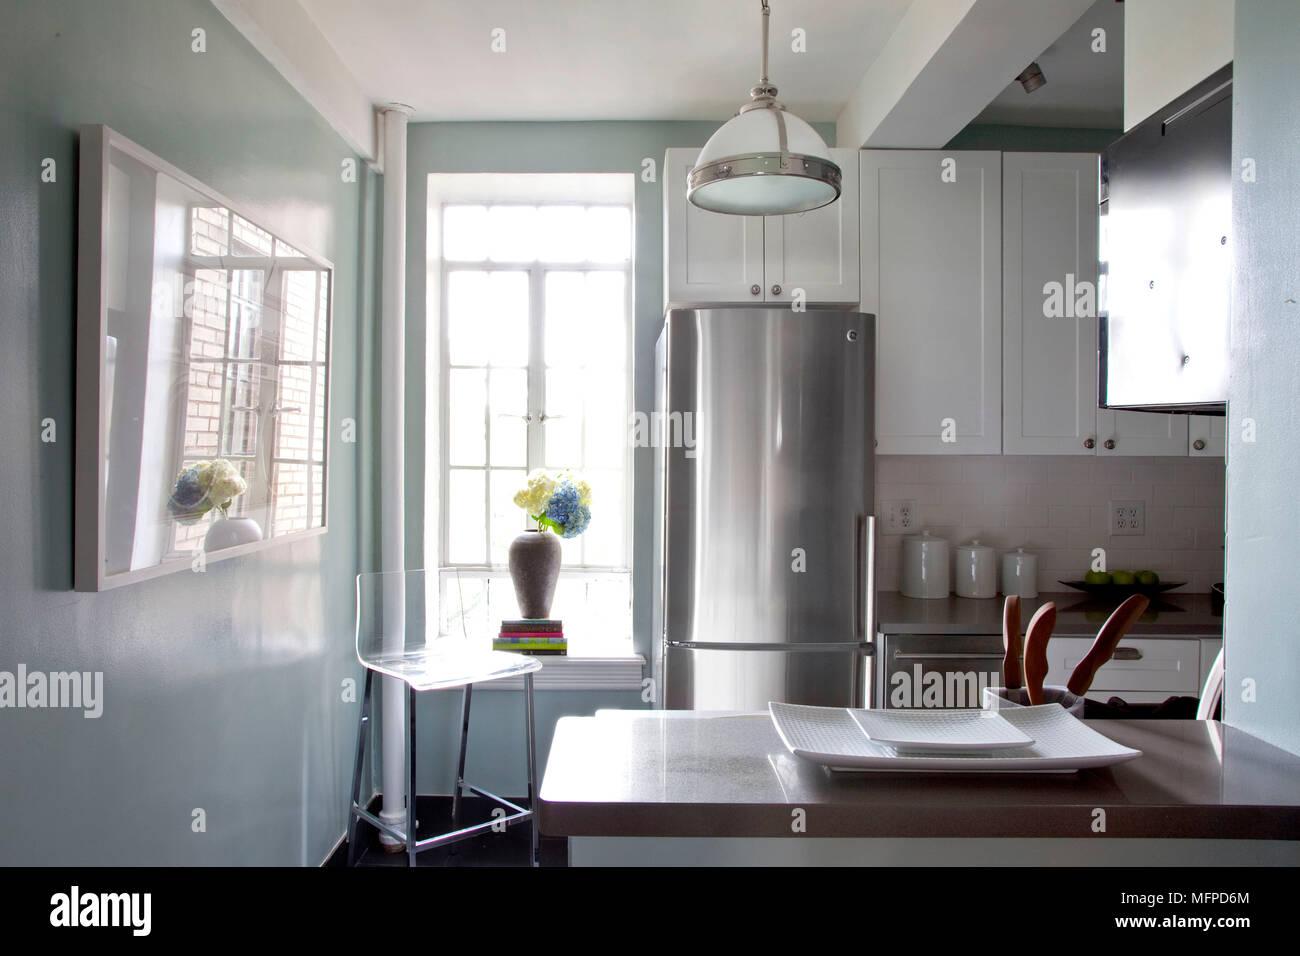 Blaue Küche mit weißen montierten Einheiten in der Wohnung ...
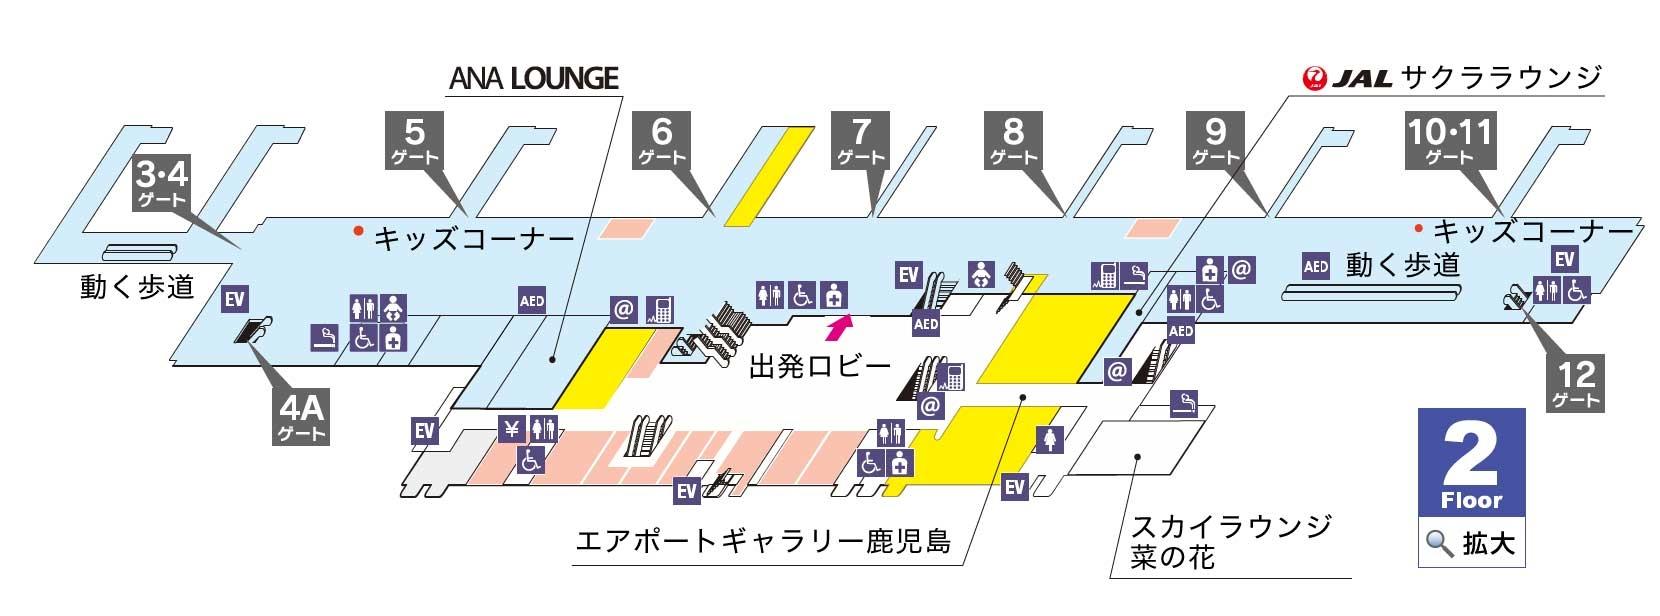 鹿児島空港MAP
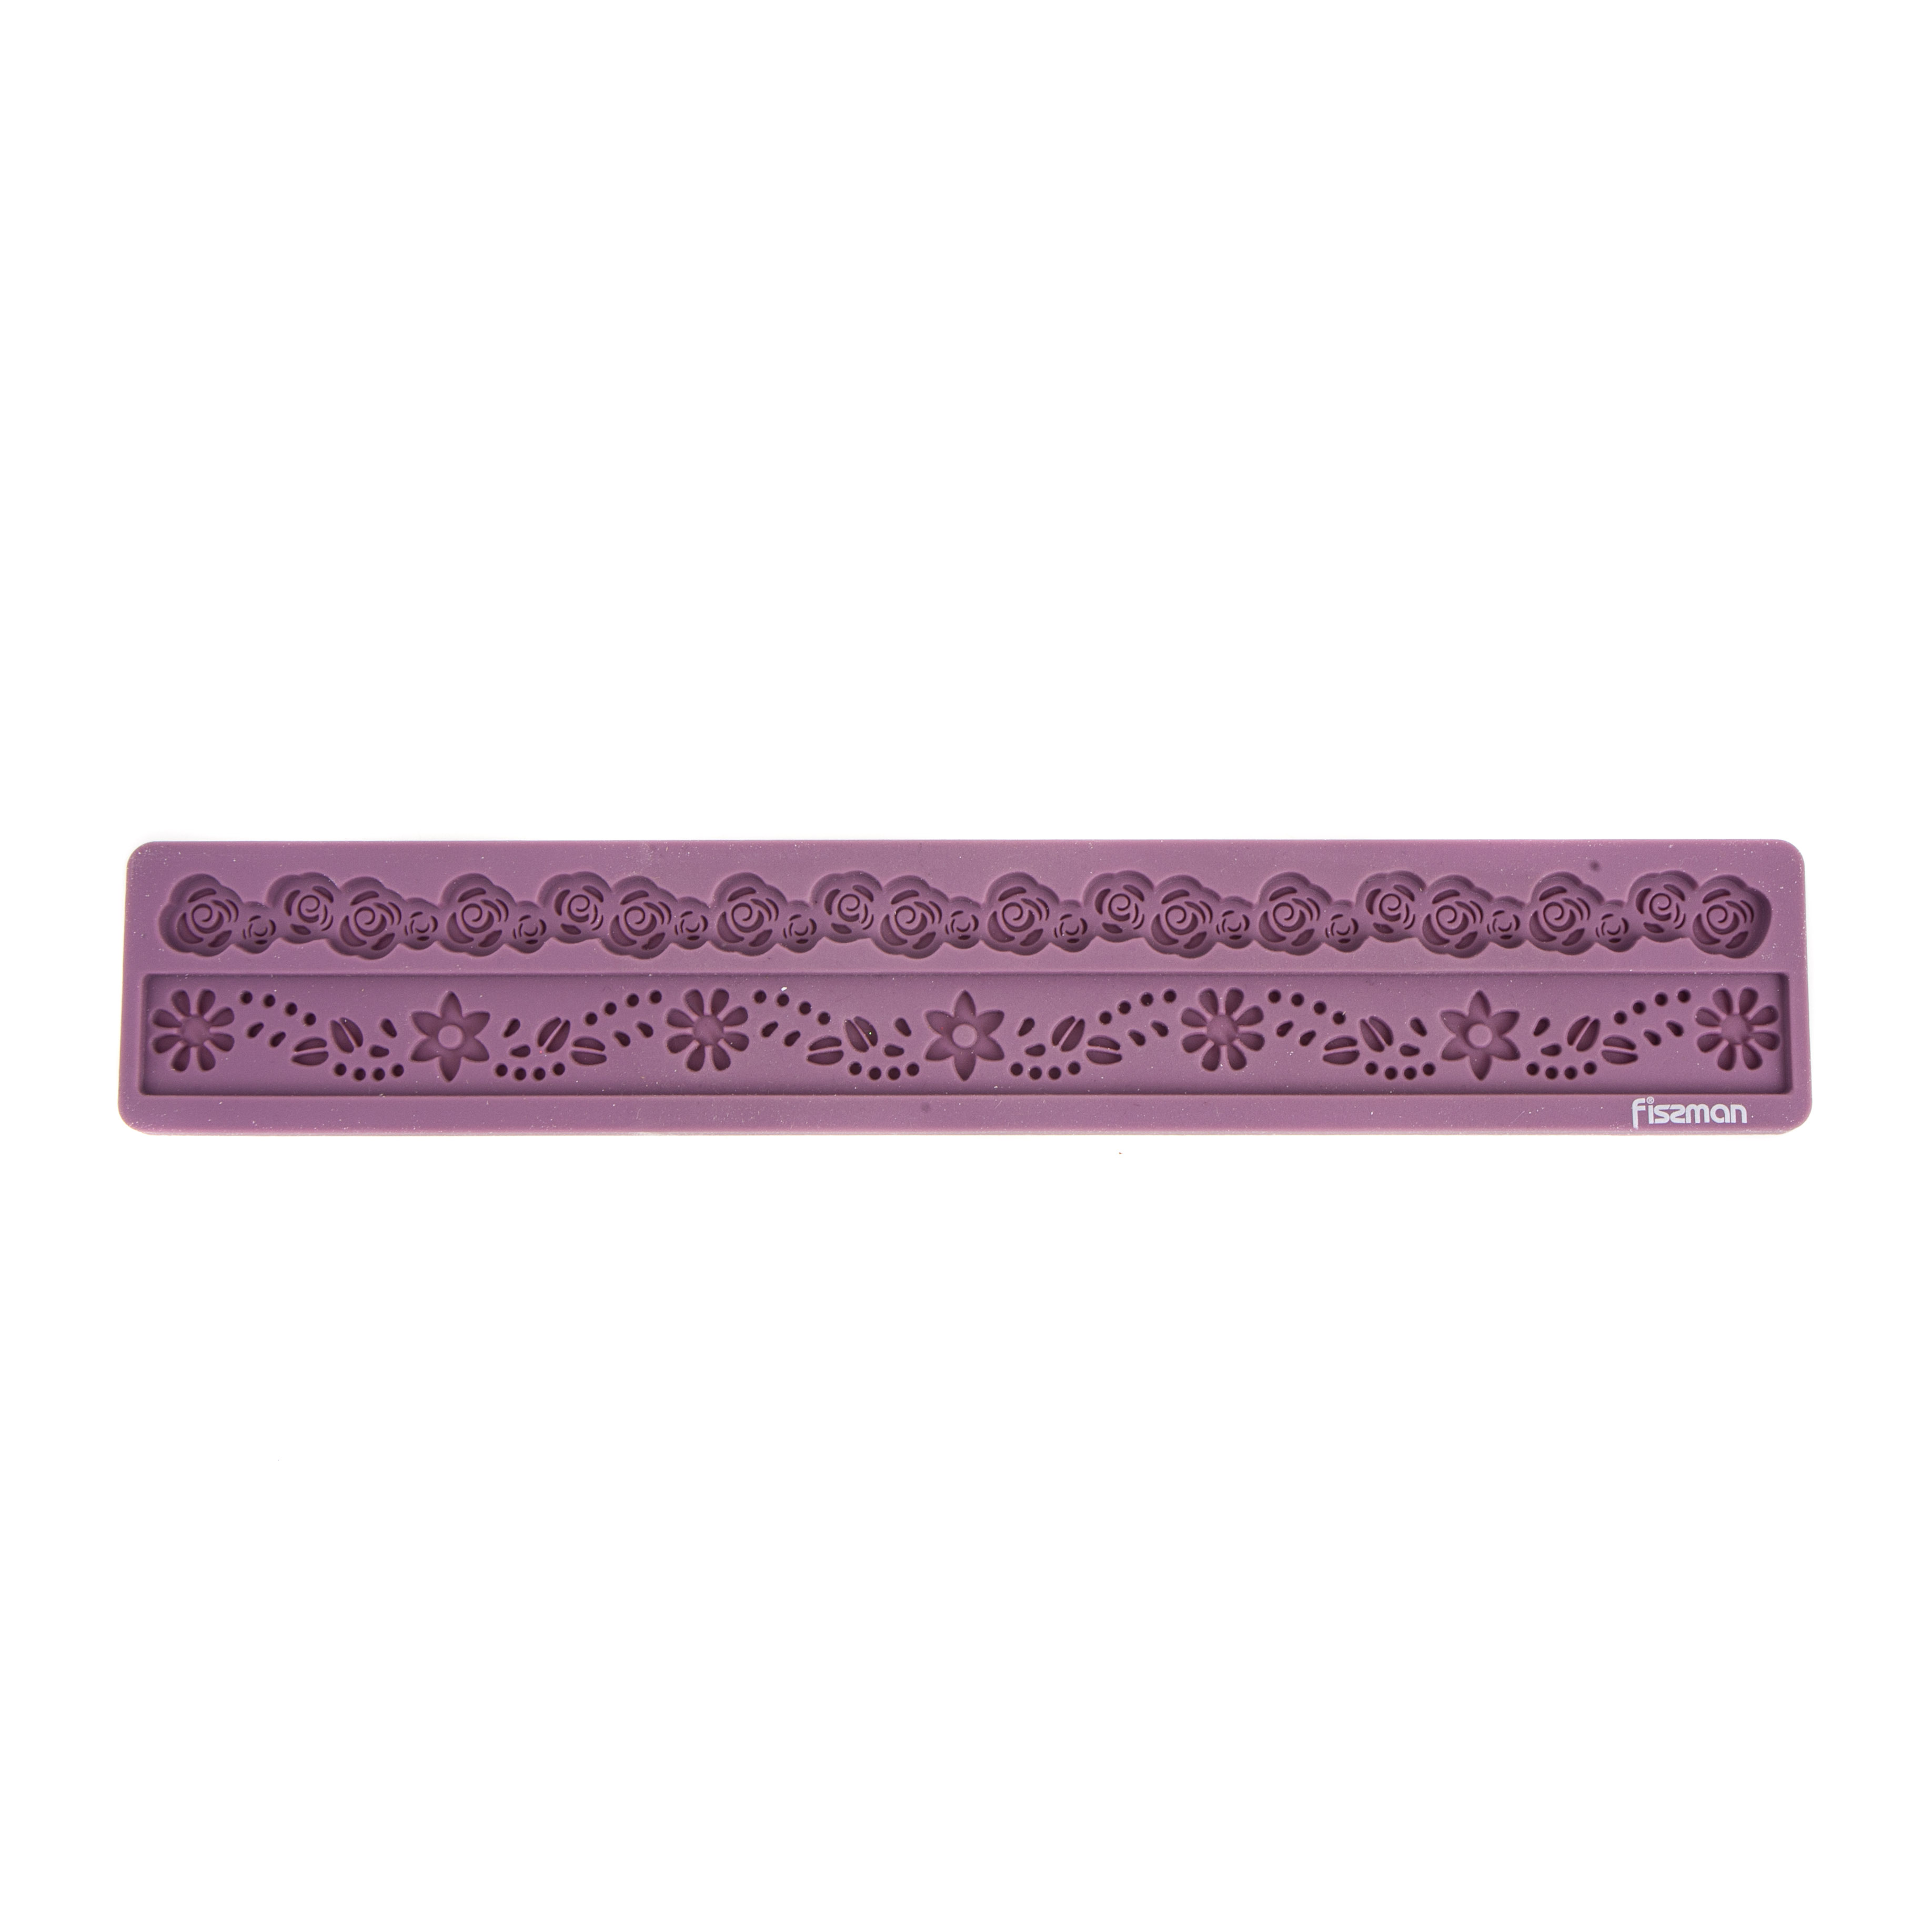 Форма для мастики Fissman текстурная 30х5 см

> _Task objective_
Working from the listing above, retype it exactly but include no images.

> _Task response_
 Blaue Küche mit weißen montierten Einheiten in der Wohnung ...
 鹿児島空港MAP
 Форма для мастики Fissman текстурная 30х5 см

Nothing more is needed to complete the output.